Applying this inverse function on iota will produce linearized iota values which allow an interpretation as probabilities. Based on the new measure, the following chapter analyzes the performance and configuration of AI in the context of business education.

Analyzing the Performance and Configuration of Artificial Intelligence

Simulation Design

Several algorithms of AI exist to analyze textual data. The current study focuses on decision tree-based algorithms and neural nets; these two kinds of AI show different characteristics. Decision trees are well-suited for classification tasks and have the advantage that the results are understandable for people (Lanquillon, 2019; Richter, 2019). This is a very important feature because the results of a learning analytics application should be understood by students and educators as they foster confidence in the recommendations derived. Understanding the way an AI produces a result is also crucial within a legal context whenever the results provided by the software are used for decisions that potentially have a strong impact on the further education of students. Although neural nets are very powerful concepts of AI, understanding the transformation from input data to output data is more difficult. In the current study, the concept of decision trees is implemented using the packages rpart (Therneau et al., 2019) and ranger (Wright and Ziegler, 2017). To realize neural nets, the study uses the package nnet (Venables and Ripley, 2007). The current study analyzes the performance of these three implementations in an attempt to find hyperparameter configurations optimizing their performance. Figure 7 presents the corresponding research design.

FIGURE 7

Figure 7. Research design for testing AI performance.

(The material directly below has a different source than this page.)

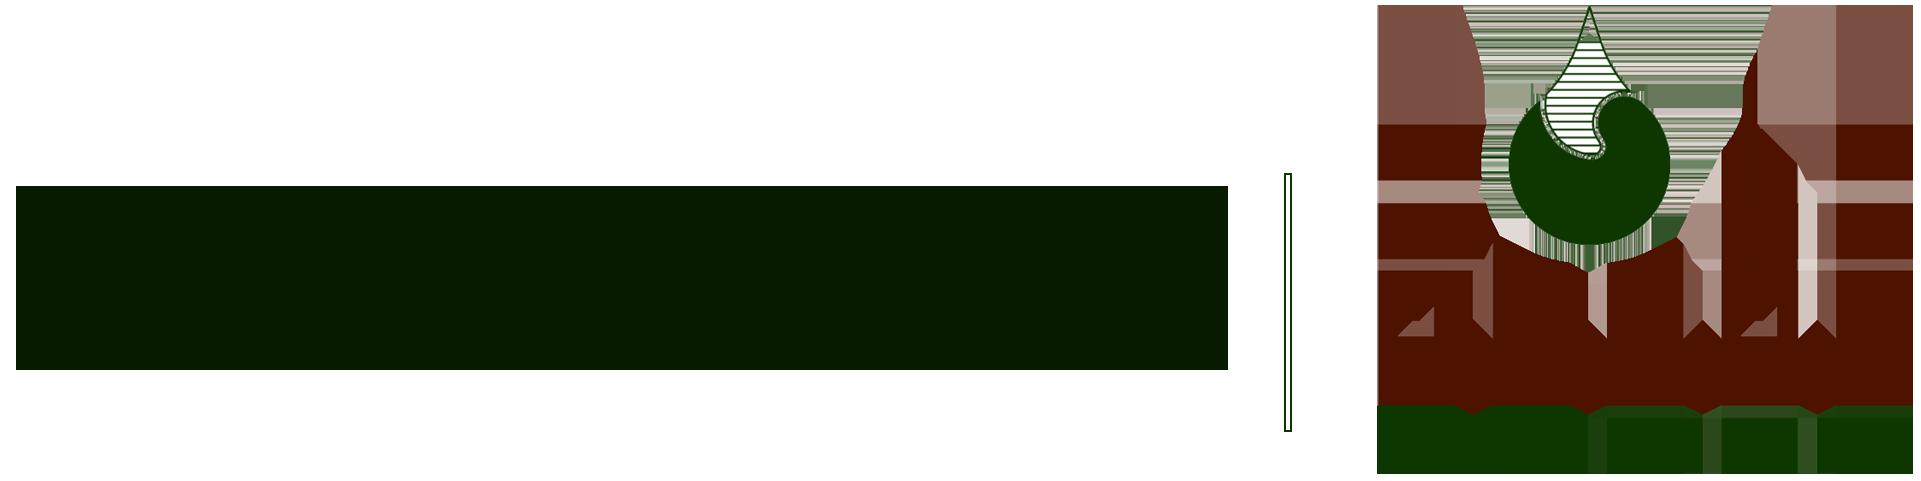 شركة تقنية ليبيا للأعمال الهندسية

The simulation study is based on real empirical textual data which was analyzed in several studies. Table 4 provides an overview of the different data sets. A detailed list of the inter-coder reliability can be found in Supplementary Appendix A. Every data set is divided into training and evaluation data. 75% of the complete data is used for training, and the remaining data for evaluation. AI performance can be tested here with textual data that is unknown by AI. The iota concept, Krippendorff’s Alpha, and percentage agreement are used for performance evaluation. Data splitting is repeated 30 times by applying stratified custom sampling.

TABLE 4

Table 4. Empirical data for the simulation.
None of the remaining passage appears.